This talk is free and open to the public. Pack a lunch and come on in!
– Tuesday, 26 June, 6:00PM : Stephen Bush of Brown University is on-hand to discuss his new book, William James on Democratic individuality. William James advocated a philosophy of democracy and pluralism that emphasizes individual and collective responsibility for our social arrangements, our morality, and our religion. In James’s view, democracy resides first and foremost not in governmental institutions but rather in the characteristics of individuals and in qualities of mind and conduct. It is a philosophy for social change, counseling action and hope despite the manifold challenges facing democratic politics, and these issues still resonate strongly today.
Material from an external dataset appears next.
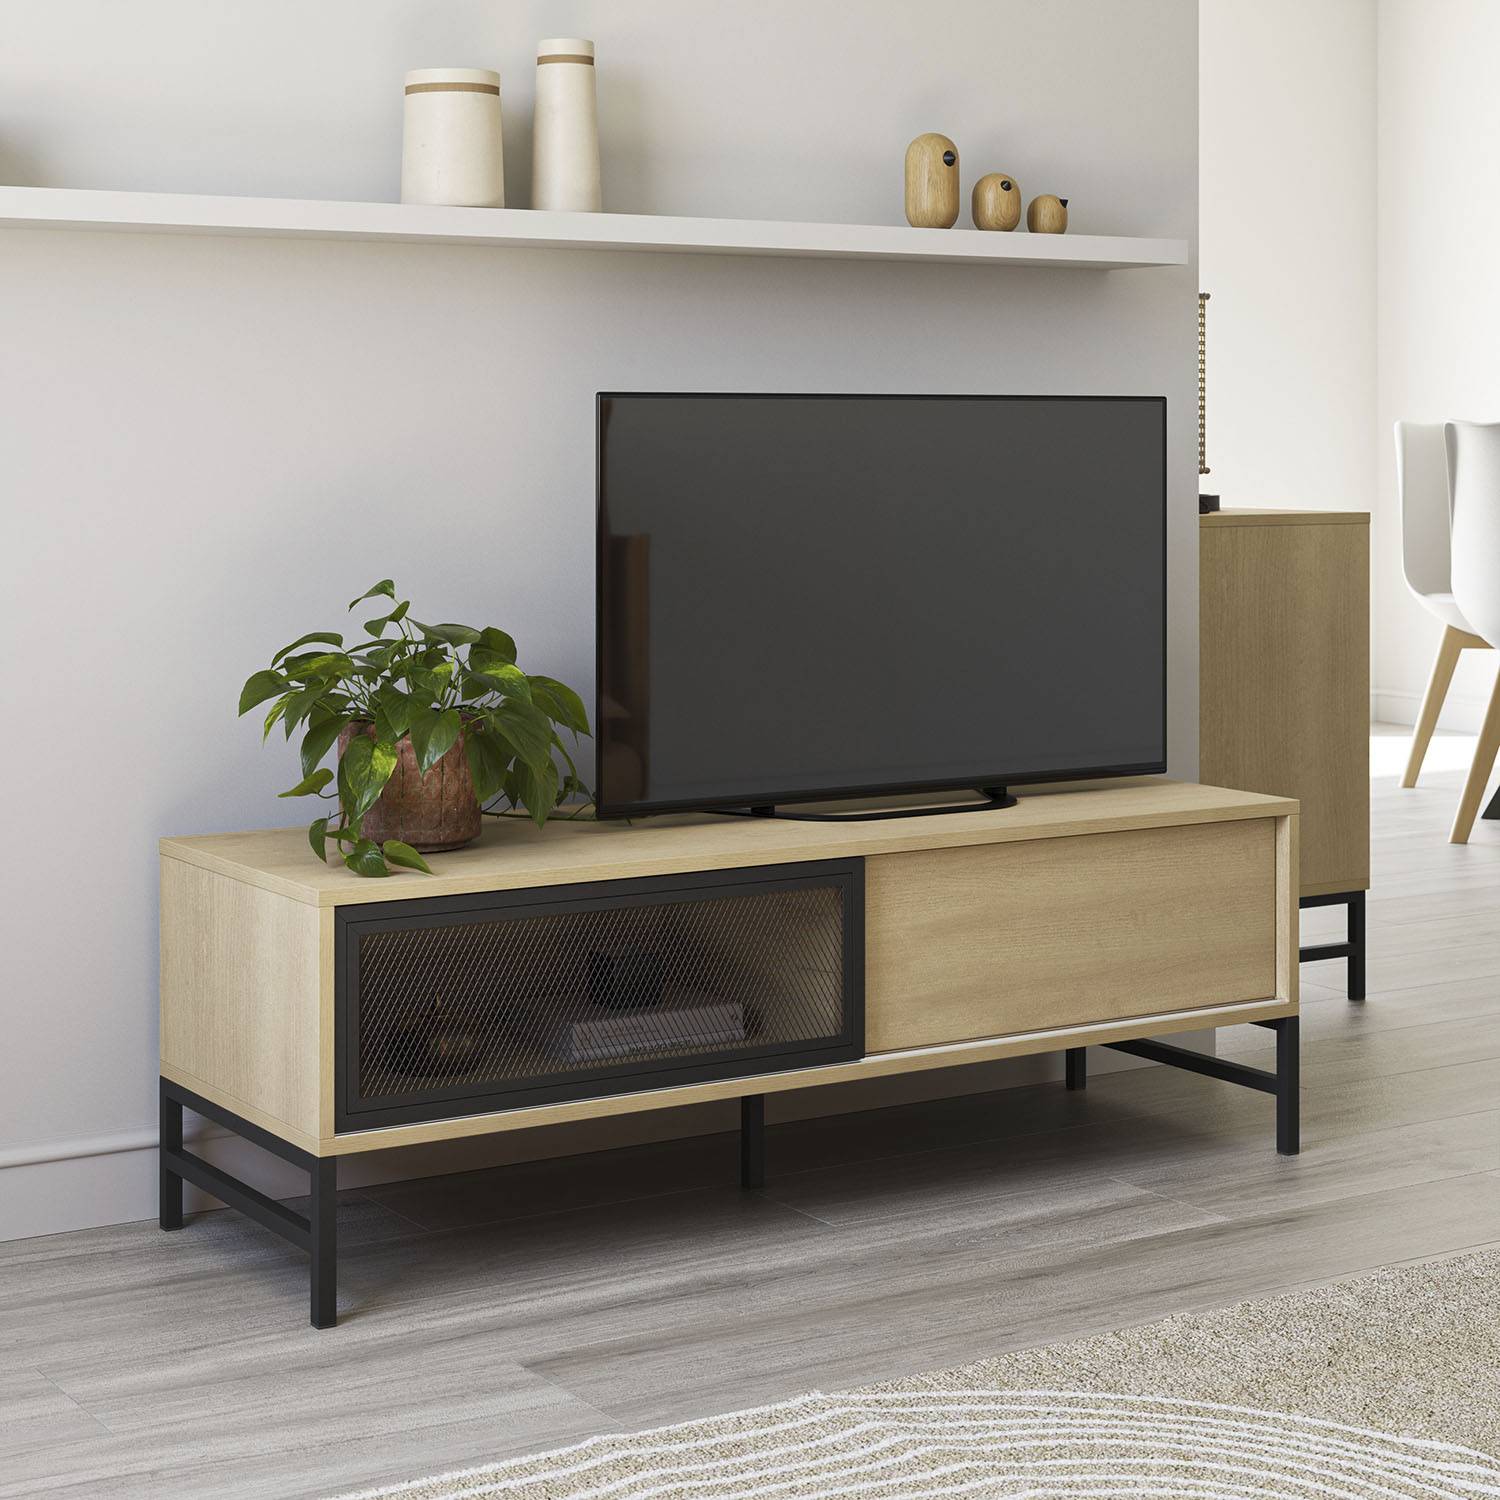 Mueble para TV color natural con 3 cajones rejilla

Stephen Bush explores how these themes connect to James’s philosophy of religion, his moral thought, his epistemology, his psychology, and his metaphysics.
This talk is open to the public, registration required with fee of $10 (no charge for MHS Fellows and Members or EBT cardholders).
– Wednesday, 27 June, 12:00PM : Judith Harford of University College Dublin leads the second Brown Bag talk of the week, and it is called “The Gendering of Diaspora: Irish American Women Teachers and the Rise of the Irish American Elites, 1880-1920.” This talk examines the education, professional training and wider public activism of first-generation Irish American women teachers during the peak of Irish emigration to the United States.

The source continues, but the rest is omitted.